The GMMPredict function has one output table, whose format depends on the OutputFormat argument.
The following table describes the output table for OutputFormat('sparse'), the default. The table has D+3 columns, where D is the number of dimensions of the input data.
Column Name | Data Type | Description |
---|---|---|
accumulate_column | Same as in input table | Column copied from the testdata table. Typically, one accumulate_column contains the unique identifier of a data point. |
data_point | NUMERIC | Input data point. The table has D such columns, which are copied from input_table to the output table. Their names are the same in input_table and the output table. |
cluster_rank | INTEGER | Probability that the data point belongs to the cluster. |
cluster_id | INTEGER | Identification number of the cluster |
prob | DOUBLE PRECISION | Probability that the cluster assigned to the data point |
The following table describes the output table for OutputFormat('dense'). The table has D+2k columns, where D is the number of dimensions of the input data and n is the the number of cluster weights that the function outputs (the value of the TopNClusters argument).

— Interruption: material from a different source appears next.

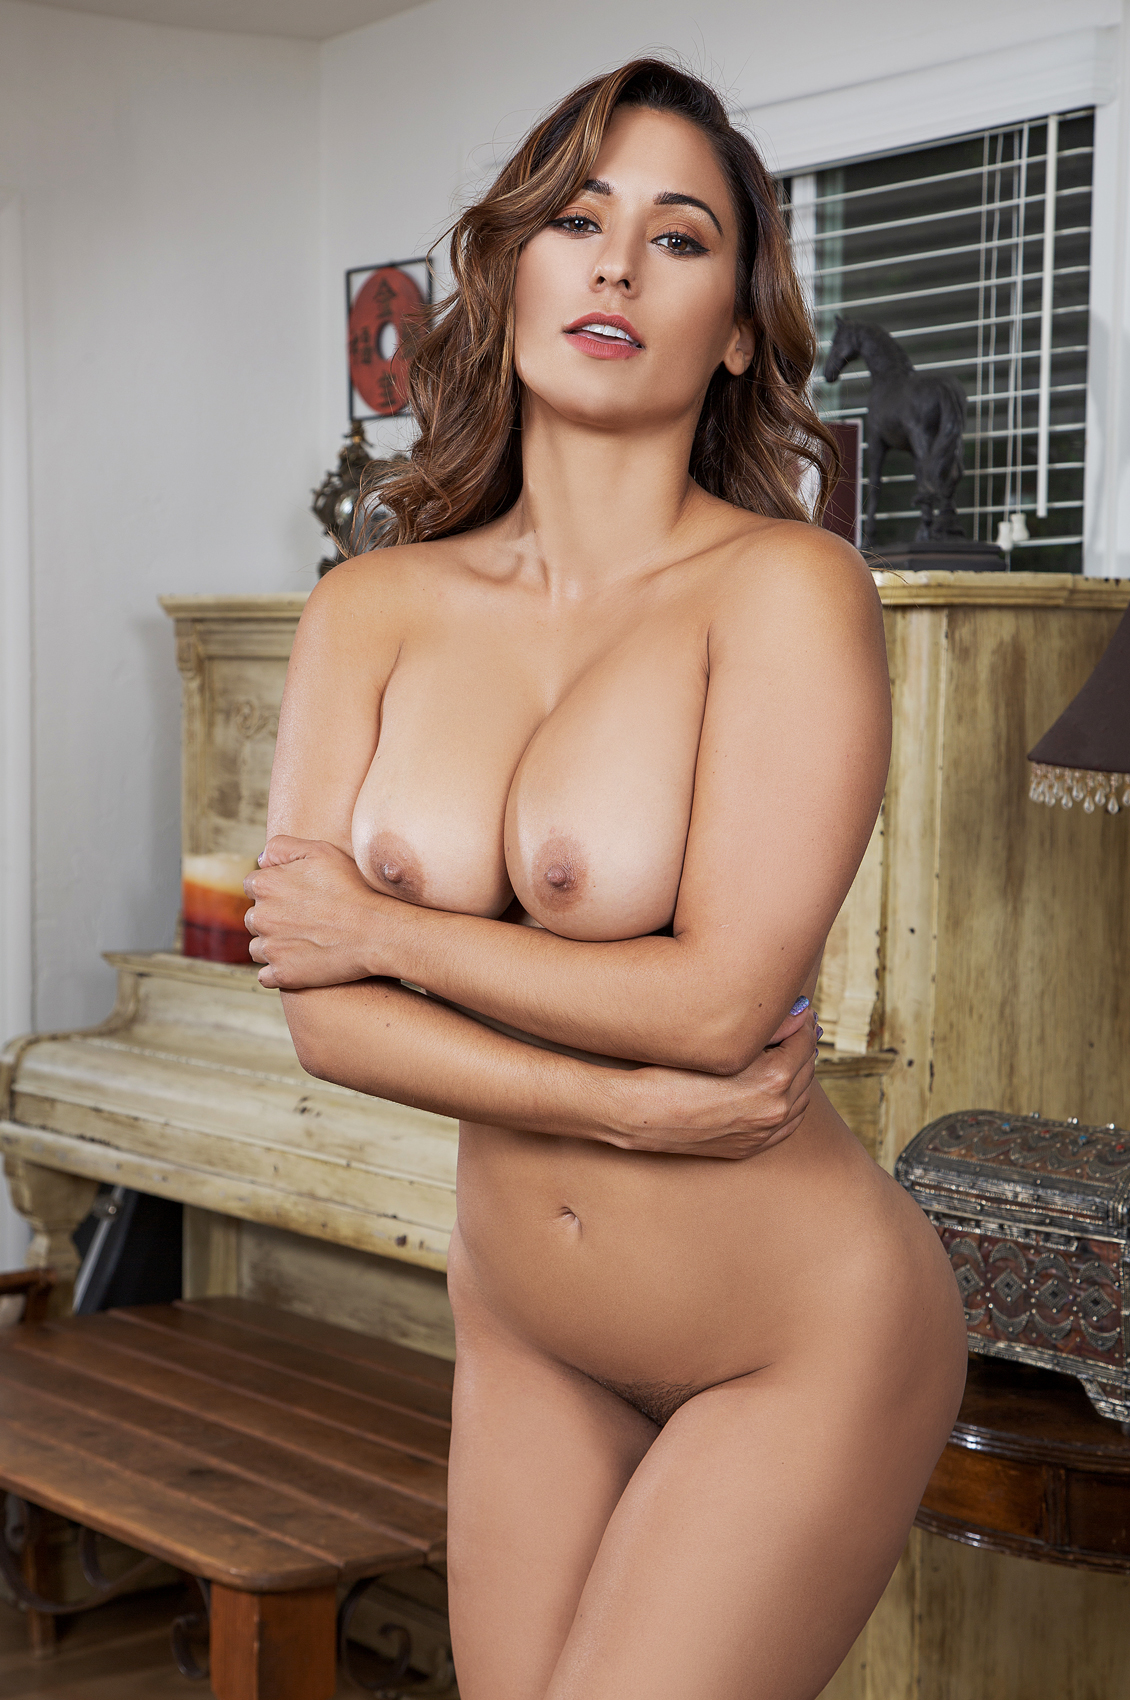 Reena Sky's Bio, Free Nude Pics & VR Porn Videos

Column Name | Data Type | Description |
---|---|---|
accumulate_column | Same as in input table | Column copied from the testdata table. Typically, one accumulate_column contains the unique identifier of a data point. |
id | Any | Identification of the data point |
data_point | NUMERIC | Input data point. The table has D such columns, which are copied from input_table to the output table. Their names are the same in input_table and the output table. |
cluster_rank_i | INTEGER | Probability that data point i belongs to the cluster. |
cluster_id_i | INTEGER | Identification number of the cluster with the greatest probability assigned to data point i. The table has n such columns (cluster_id_1, ..., cluster_id_n). |
prob_i | DOUBLE PRECISION | Probability assigned to data point i by the cluster named in cluster_id_i. The table has n such columns (prob_1, ..., prob_n). For each n, the column prob_n immediately follows the column cluster_id_n. |